To compile the application please use CMake. The workflow of compilation Tapkee with CMake is usual. When using Unix-based systems you may use the following command to compile the Tapkee application:
mkdir build && cd build && cmake [definitions] .. && make
There are a few cases when you'd want to put some definitions:
-
To enable unit-tests compilation add to
-DBUILD_TESTS=1
to[definitions]
when building. Please note that building unit-tests require googletest. If you are running Ubuntu you may installlibgtest-dev
package for that. Otherwise, if you have gtest sources around you may provide them as-DGTEST_SOURCE_DIR
and-DGTEST_INCLUDES_DIR
. If may also download gtest with the following command:wget http://googletest.googlecode.com/files/gtest-1.6.0.zip && unzip -q gtest-1.6.0.zip && cd gtest-1.6.0 && cmake . && make && cd .. && rm gtest-1.6.0.zip
. Downloaded sources will be used by Tapkee on build. To run tests usemake test
command (or better 'ctest -VV'). -
To let make script store test coverage information using GCOV and add a target for output test coverage in HTML with LCOV add the
-DUSE_GCOV=1
flag to[definitions]
. -
To enable precomputation of kernel/distance matrices which can speed-up algorithms (but requires much more memory) add
-DPRECOMPUTED=1
to[definitions]
when building. -
To build application without parts licensed by GPLv3 and LGPLv3 use
-DGPL_FREE=1
definition.
The compilation requires Eigen3 to be available in your path. The ARPACK library is also highly recommended. On Ubuntu Linux these packages can be installed with
sudo apt-get install libeigen3-dev libarpack2-dev
If you are using Mac OS X and Macports you can install these packages with
sudo port install eigen3 && sudo port install arpack
In case you want to use some non-default
compiler use CC=your-C-compiler CXX=your-C++-compiler cmake
when running cmake.
If you need any help or advice don't hesitate to send an email or fire an issue at github.

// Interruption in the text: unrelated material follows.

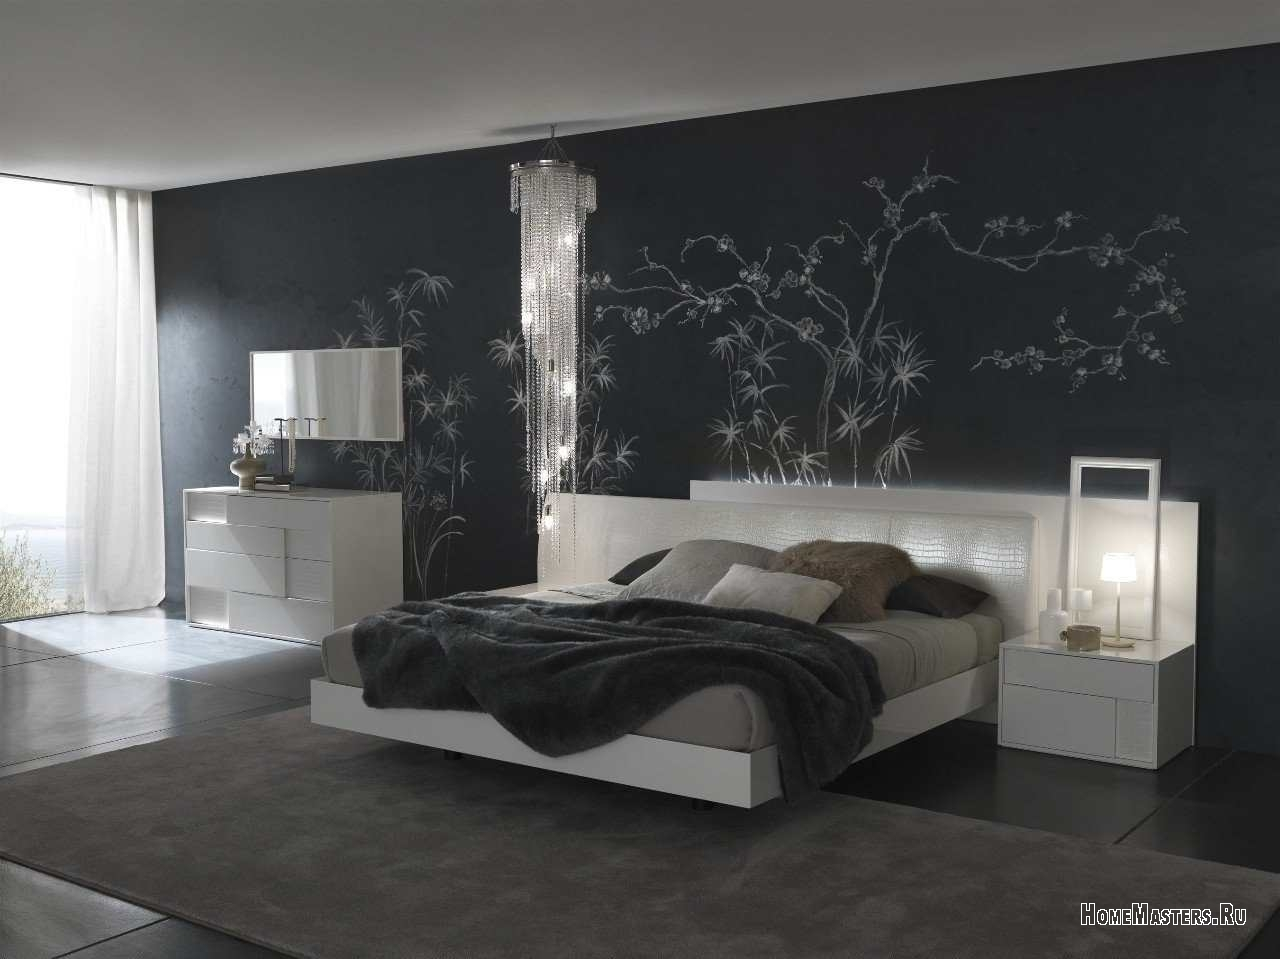 фото черно-белого дизайна квартир #12

Tapkee is tested to be fully functional on Linux (ICC, GCC, Clang compilers) and Mac OS X (GCC and Clang compilers). It also compiles under Windows (MSVS 2012 compiler) but wasn't properly tested yet. In general, Tapkee uses no platform specific code and should work on other systems as well. Please let us know if you have successfully compiled or have got issues on any other system not listed above.
Tapkee provides implementations of the following dimension reduction methods (urls to descriptions provided):
- Locally Linear Embedding and Kernel Locally Linear Embedding (LLE/KLLE)
- Neighborhood Preserving Embedding (NPE)
- Local Tangent Space Alignment (LTSA)
- Linear Local Tangent Space Alignment (LLTSA)
- Hessian Locally Linear Embedding (HLLE)
- Laplacian eigenmaps
- Locality Preserving Projections
- Diffusion map
- Isomap and landmark Isomap
- Multidimensional scaling and landmark Multidimensional scaling (MDS/lMDS)
- Stochastic Proximity Embedding (SPE)
- PCA and randomized PCA
- Kernel PCA (kPCA)
- Random projection
- Factor analysis
- t-SNE
- Barnes-Hut-SNE
The library is distributed under the BSD 3-clause license.
Exceptions are:
-
Barnes-Hut-SNE code by Laurens van der Maaten which is distributed under the BSD 4-clause license.
-
Covertree code by John Langford and Dinoj Surendran which is distributed under the LGPLv3 license.
-
Any type by Christopher Diggins which is distributed under the Boost v.1.0 license.
-
EZOptionsParser by Remik Ziemlinski which is distributed under the MIT license.